§ Data extract:
---------------

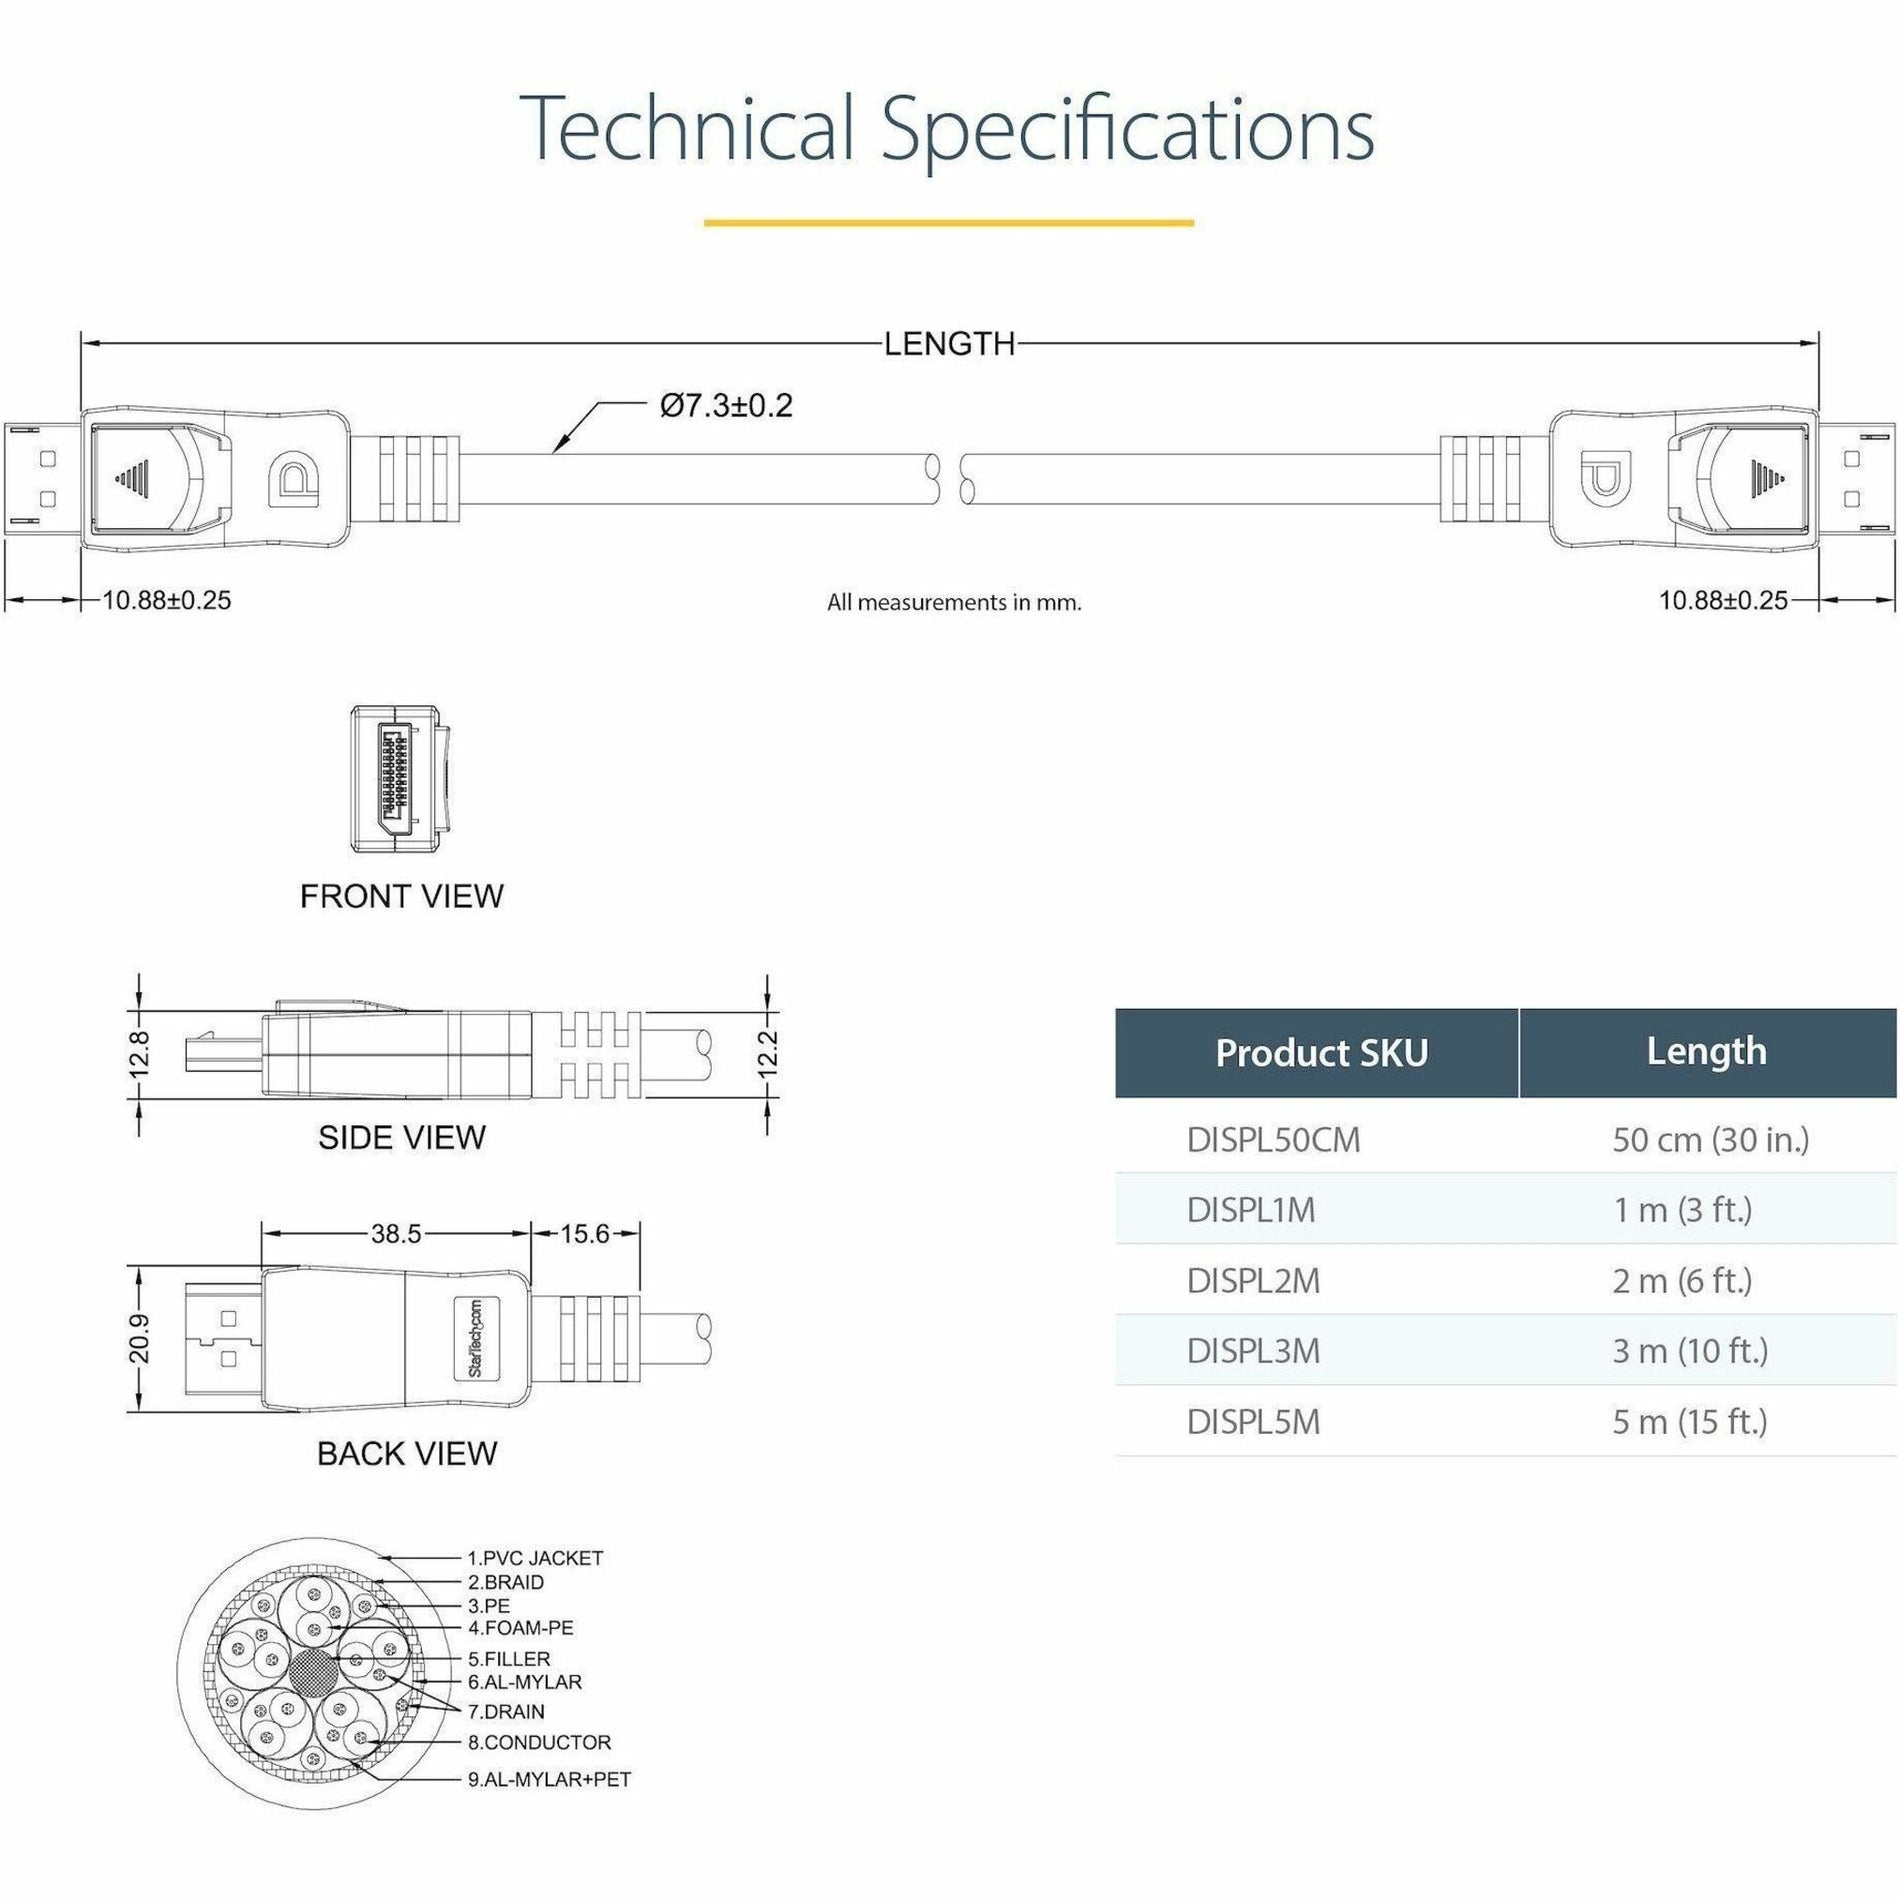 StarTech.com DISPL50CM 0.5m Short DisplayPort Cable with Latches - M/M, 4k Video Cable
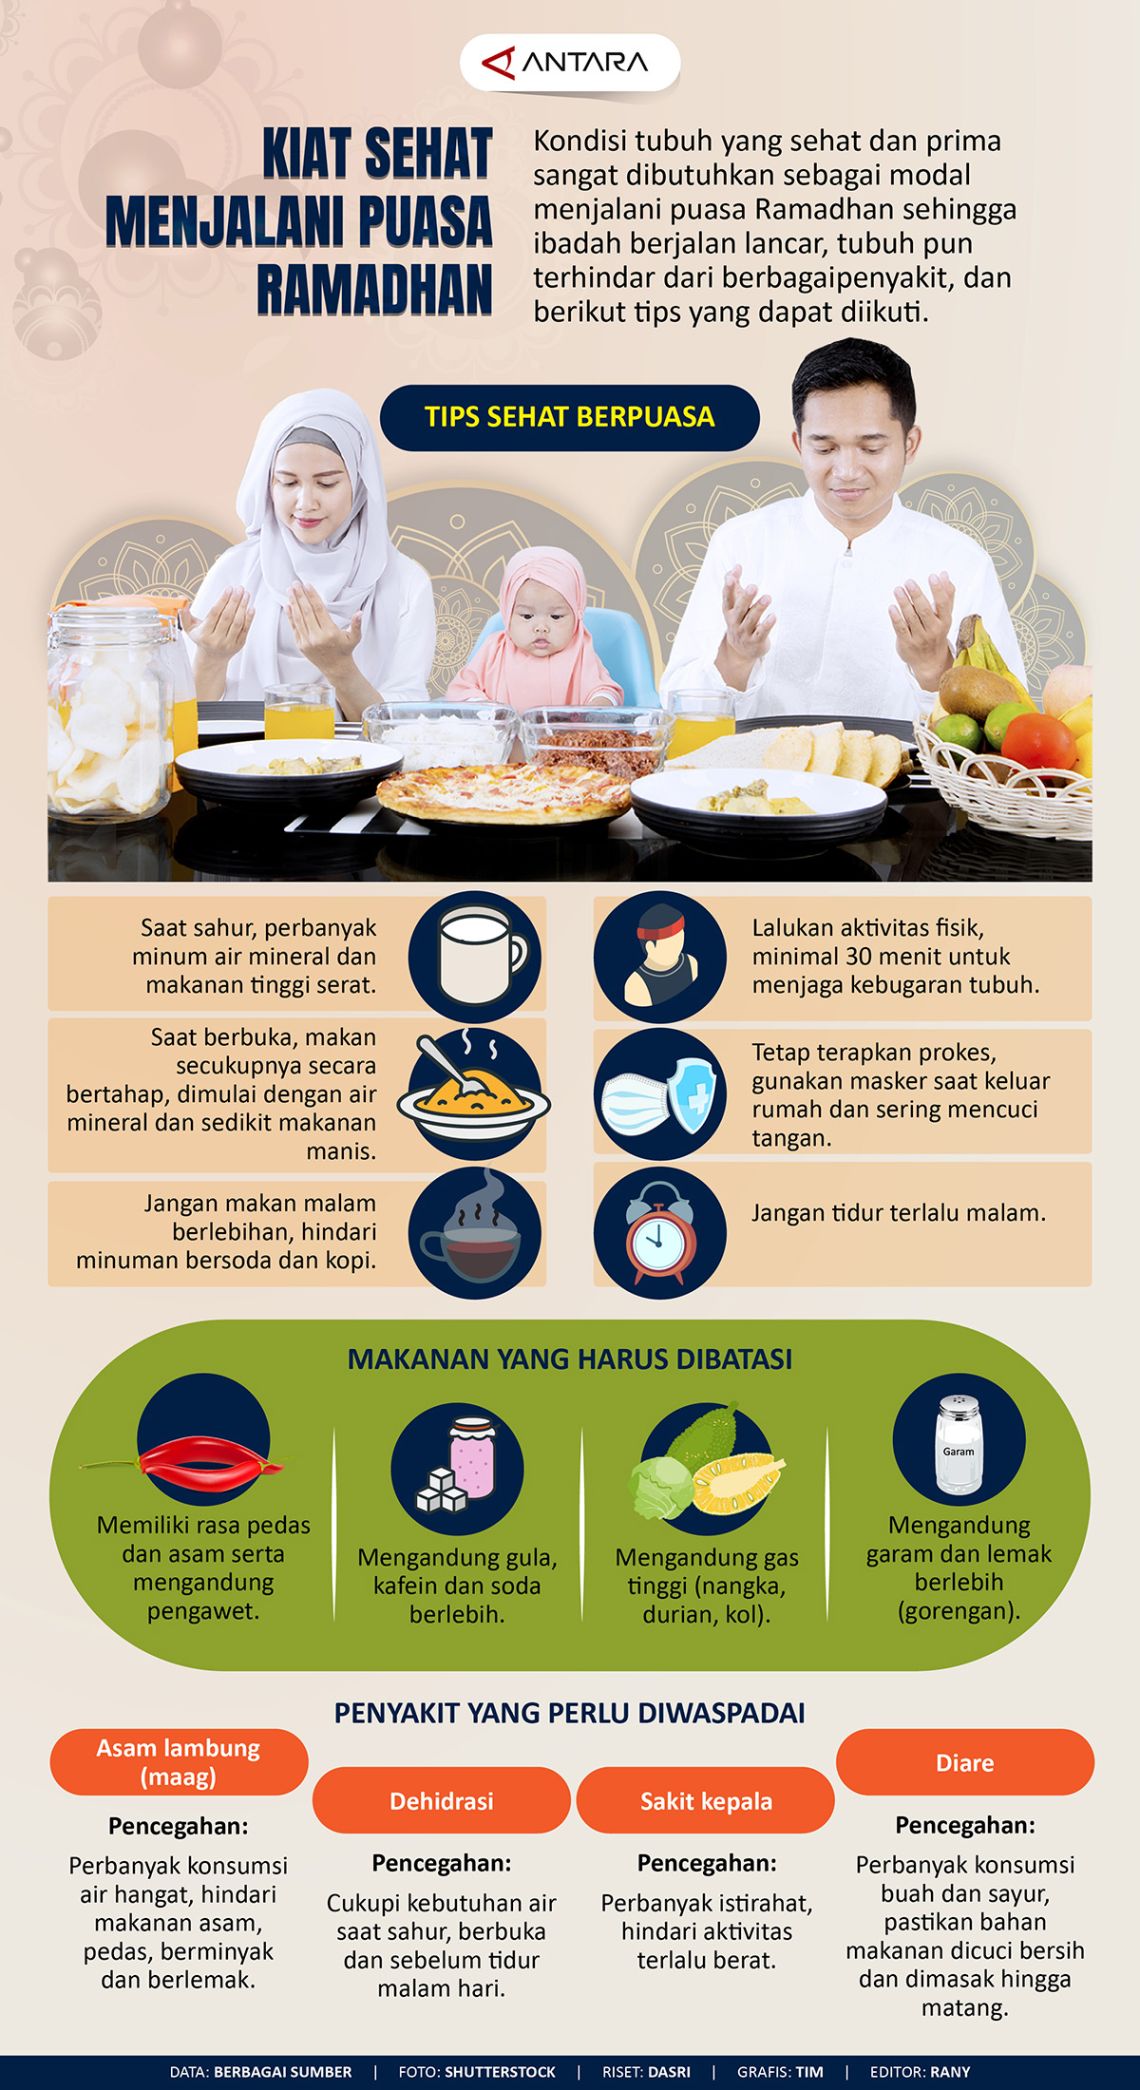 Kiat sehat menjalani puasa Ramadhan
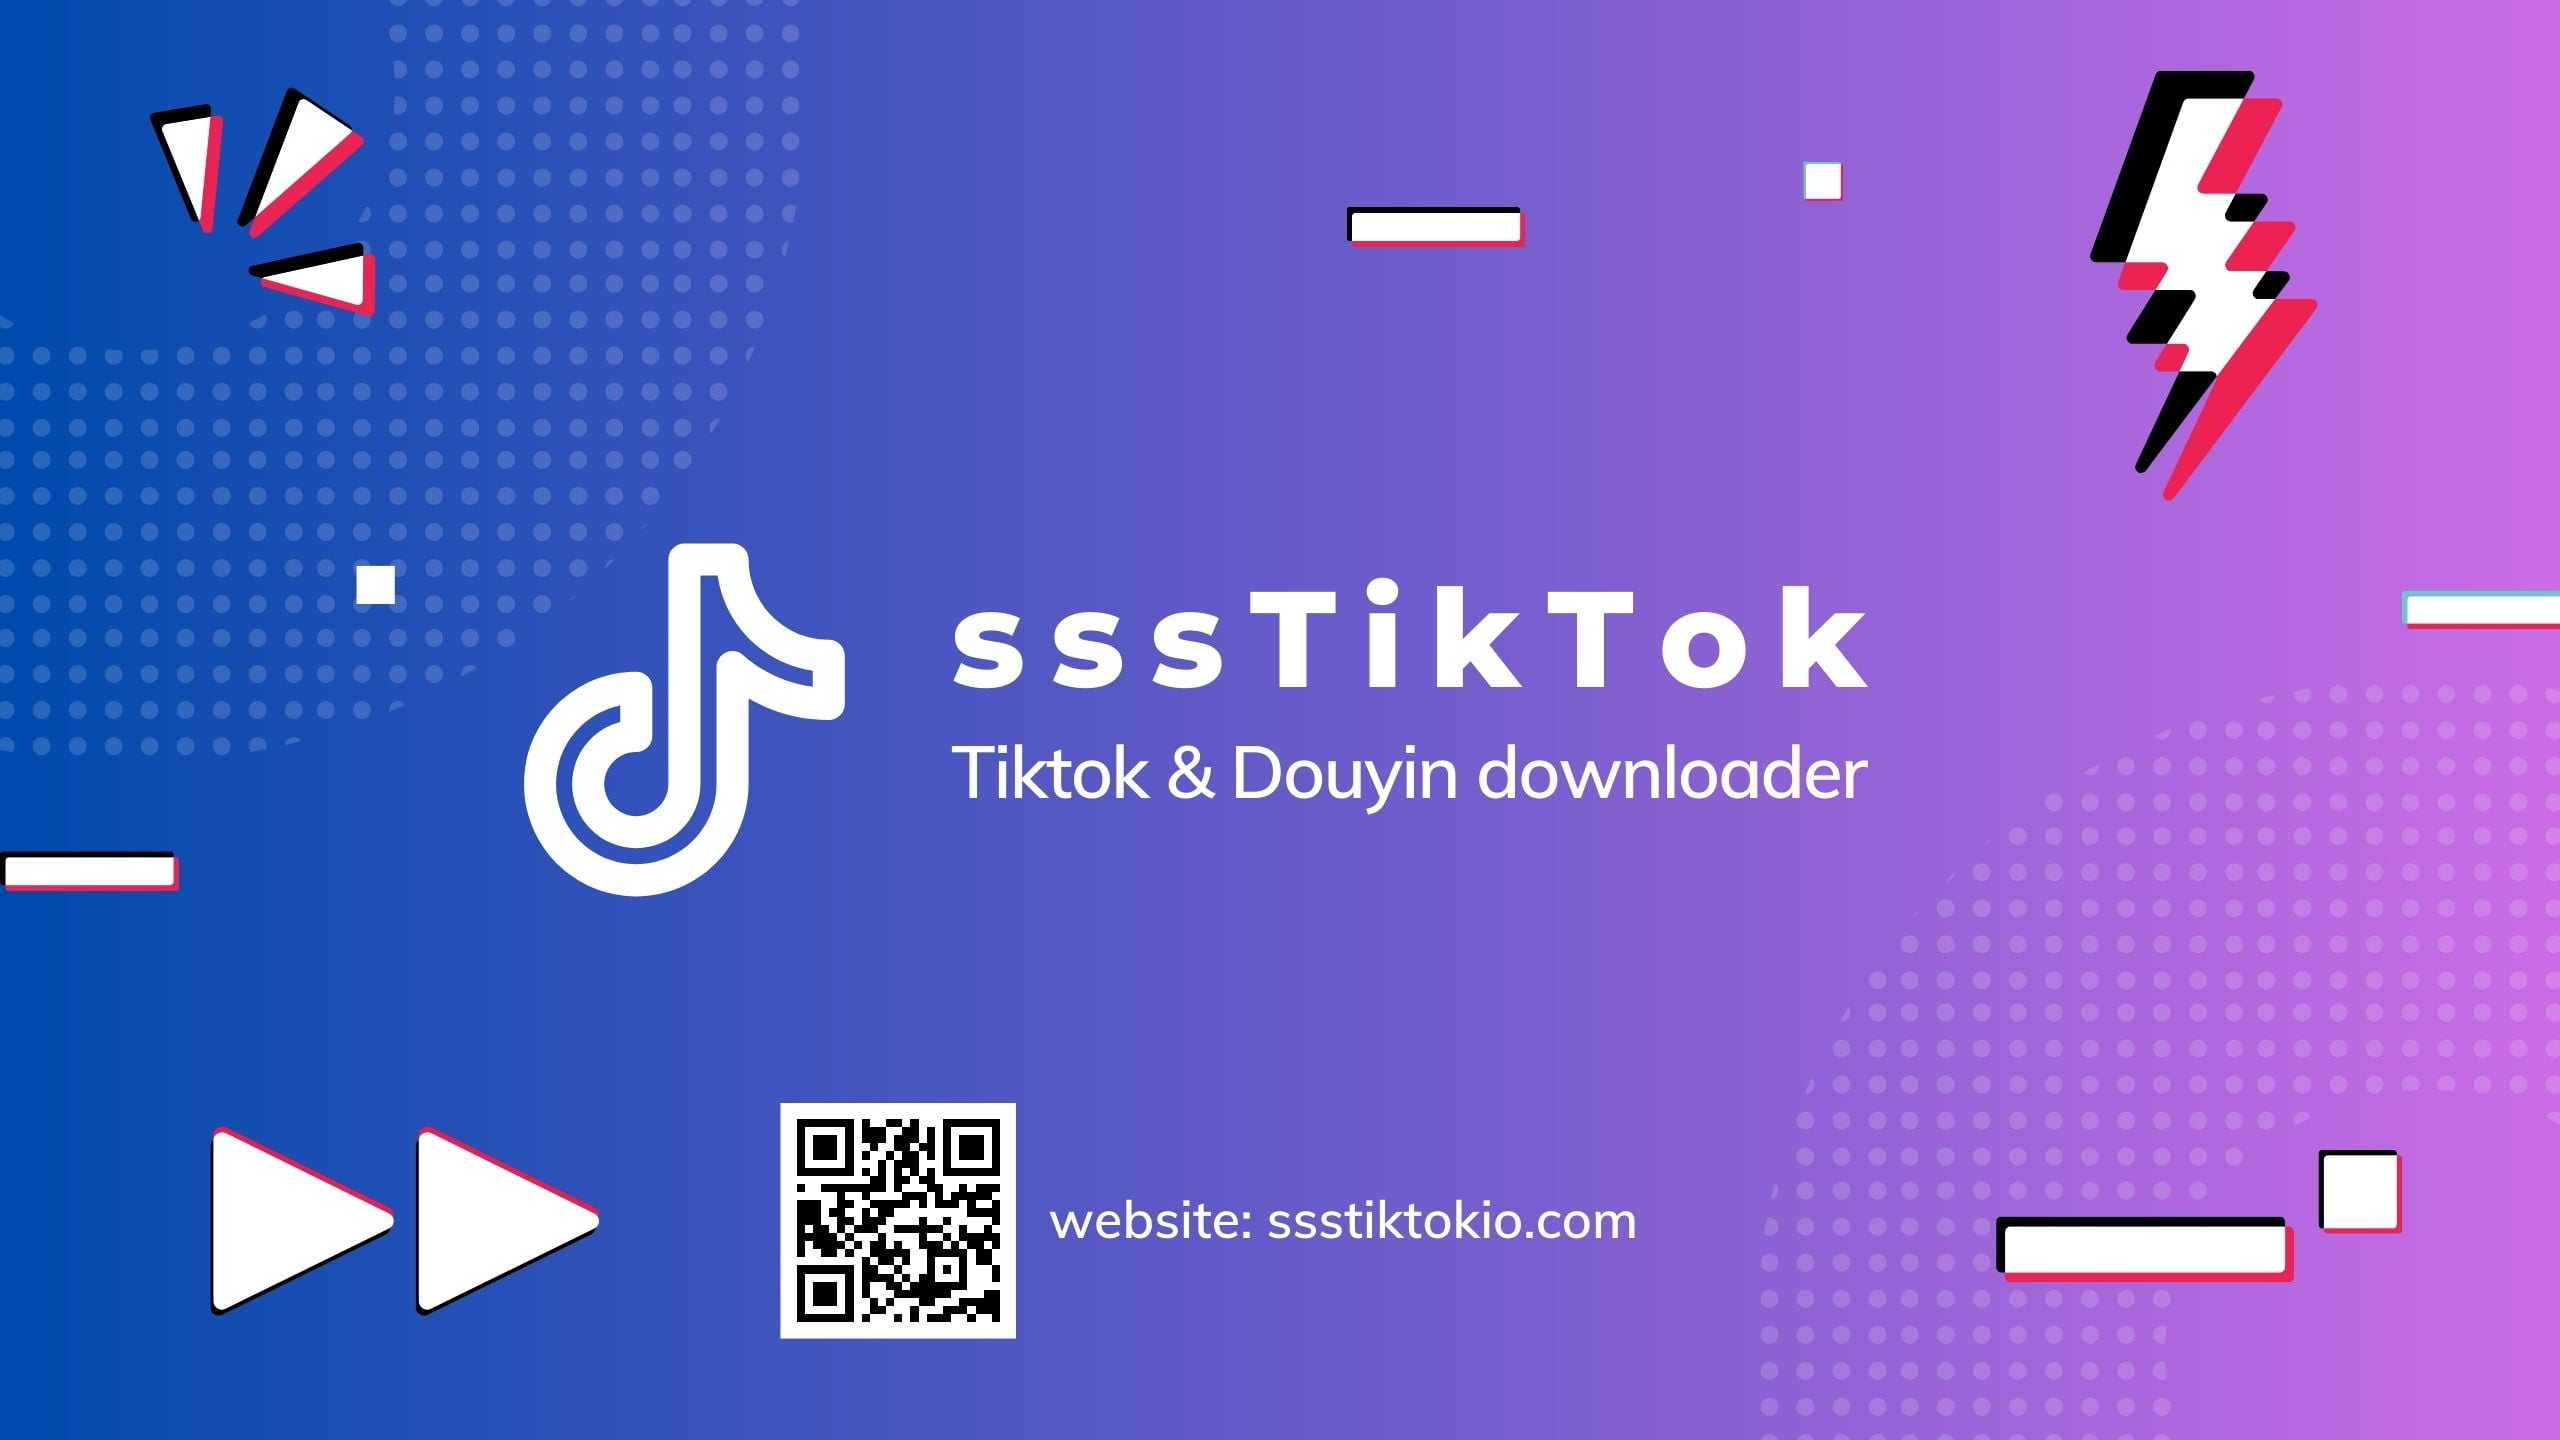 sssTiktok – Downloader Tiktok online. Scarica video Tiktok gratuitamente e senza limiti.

---------------

§ What the task requires: Write out the listing again word for word, but without its pictures.

§ Written solution:
 StarTech.com DISPL50CM 0.5m Short DisplayPort Cable with Latches - M/M, 4k Video Cable
 Kiat sehat menjalani puasa Ramadhan
 sssTiktok – Downloader Tiktok online. Scarica video Tiktok gratuitamente e senza limiti.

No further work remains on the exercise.